SaaS and the Composable Business

CSW Editor, Martin Banks, looks at how IBM’s UK Cloud Head, Doug Clark, views the changes that cloud is bringing to how businesses will do business

  • 10 years ago Posted in

Doug Clark, IBM’s Head of Cloud in the UK, recently used an interesting turn of phrase that sums up the way cloud is changing not just the relationship between business and technology but also the way businesses structure themselves in order to exploit what cloud services offer them.

From the company’s point of view, what IBM is aiming to sell is what it calls the Dynamic Hybrid Cloud – essentially cloud services, built on open standards, that are capable of being rapidly configured and re-configured to meet the changing needs of any business.

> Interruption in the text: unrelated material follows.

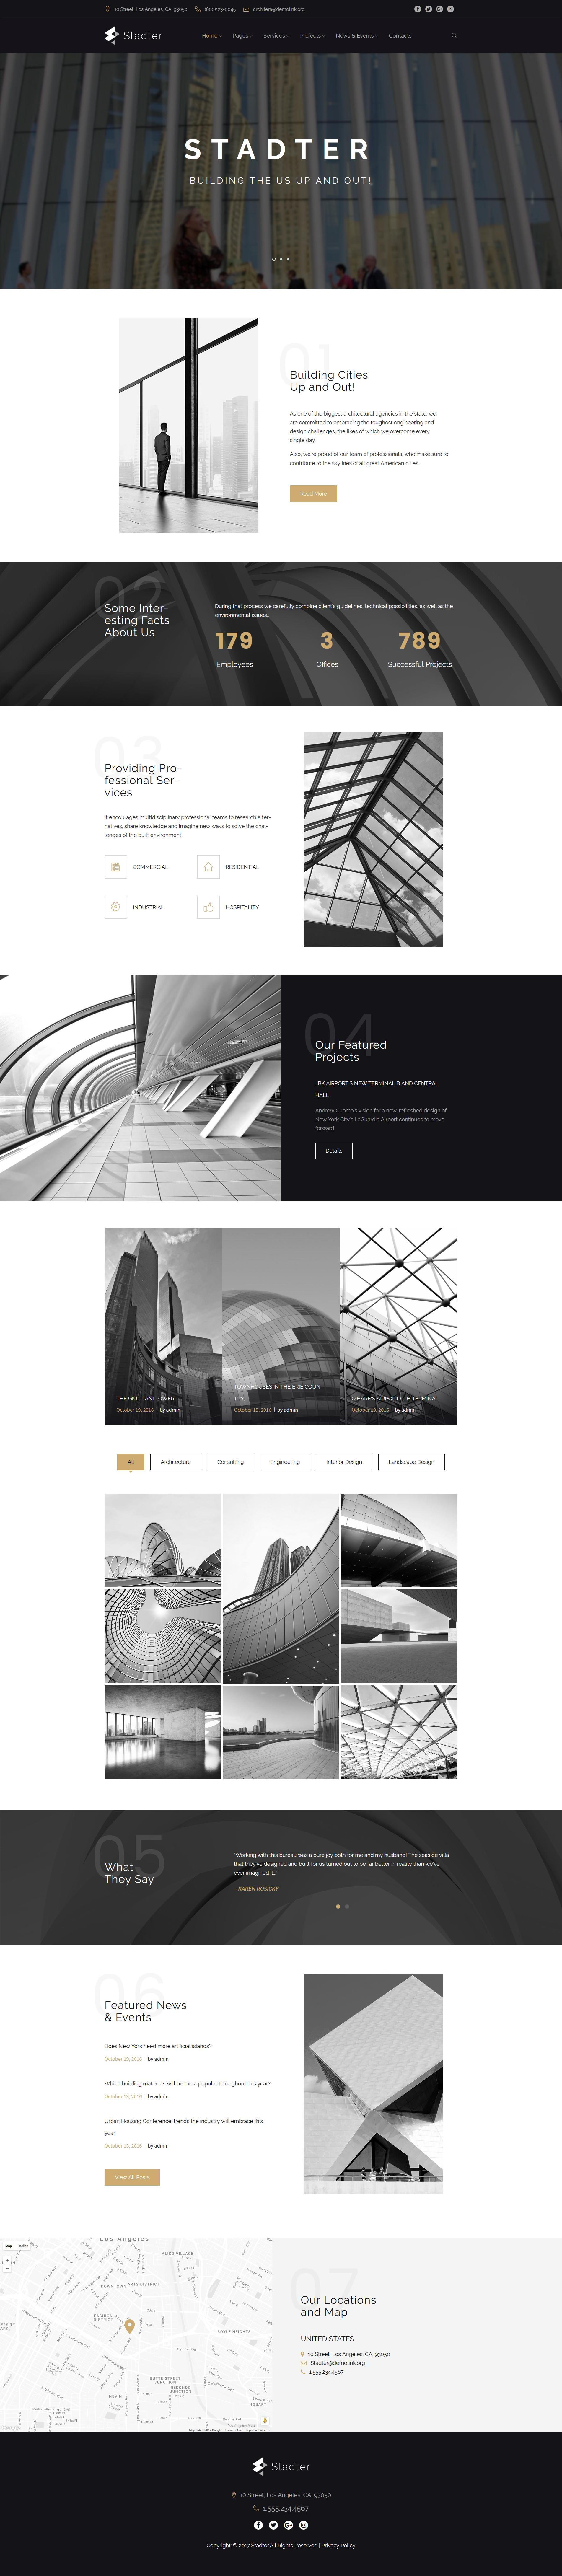 """Stadter - Construction Company"" 响应式WordPress模板 #63956 - 截图"

That does, however, mean that businesses have to recognise that they now need to change rapidly and often as their markets change and develop. This, as Clark observed, means that they now need to be Composable Businesses. Indeed, the really now need to be dynamically re-composable businesses, able to change – from minor shift in direction or emphasis through to major re-direction – fast enough to catch those changes in their markets.

He indicated that a growing number of businesses are catching on to this requirement by casting interested eyes towards SaaS as a source of future information management resources. A recent survey conducted by the company has shown that a growing number of businesses now see SaaS as providing real advantages, with 47 percent seeing SaaS as offering a real competitive advantage and 41 percent seeing it reducing their total cost of ownership when it comes to providing IT resources.

The survey also shows that the early adopters that have taken up SaaS are generating twice the revenue of the rest of their contemporary businesses, Clark suggested.

“IBM now has around 110 SaaS applications available, across HR, marketing and sales/ecommerce,” he said, “and the key advantage for businesses is that they can use them as and when they need them, rather than having to invest in the infrastructure and applications.

“For example IBM will, for the 25th year, be providing the information services for Wimbledon. In the past this has involved the company setting up a datacentre at the Club in very cramped facilities, which become more cramped as the information services needed have grown. This year, however, the information services will all be provided in the cloud, as SaaS, from our datacentre in North Carolina. And in addition to the match scores we will also be collecting a large amount of social data. That will all be analysed using IBM’s new Watson services.”

This is a good, practical example of how cloud services, and SaaS in particular, can help a business become re-composable. The cost of the resources required to provide these capabilities – especially if provision on-premise - would be prohibitive and it would be all but impossible for a business to accurately predict the upper limit of scale required to accommodate tasks such as analysing social media inputs. So the chances of service overload – and consequential reputation damage - would be high.

The other side of that coin is that, by using SaaS, it becomes possible for the Wimbledon organisers and their partners (such as the BBC providing global TV coverage) to not only contemplate analysis of social media input so that any opportunities to improve the experience for its customers can be identified, but also set it up with relative ease.

Not only that, but by using Watson as a SaaS service, it gets the use of one of the latest, and arguably most powerful Big Data analysis tools currently available. Trying to do that with an on-premise infrastructure would probably bankrupt the organisation in acquisition costs alone.

This is not exactly reduction of total cost of ownership, more making the economically impossible possible, but that question of cost is still a crucial. Clark observed that it still holds that some 70 percent of the typical IT budget goes towards just `keeping the lights on’ - keeping the systems running.

What is perhaps most notable about this figure is that, despite many developments in technology and reductions in unit costs, energy consumption and staffing requirements, that figure has remained remarkably constant for the last 25-30 years at least. This does beg the question as to whether it is actually a mathematical constant in the disbursement of IT budgets, but it also shows that maybe it is time for both business users and IT vendors to appreciate that cost on its own is now a fallacious argument.

The real argument now is what can be achieved by businesses exploiting SaaS, fast software development tools, APIs and integration/collaboration tools to give them the business agility to compose – and re-compose themselves – fast enough to stay in lock-step with the inevitable changes that will come in their marketplaces.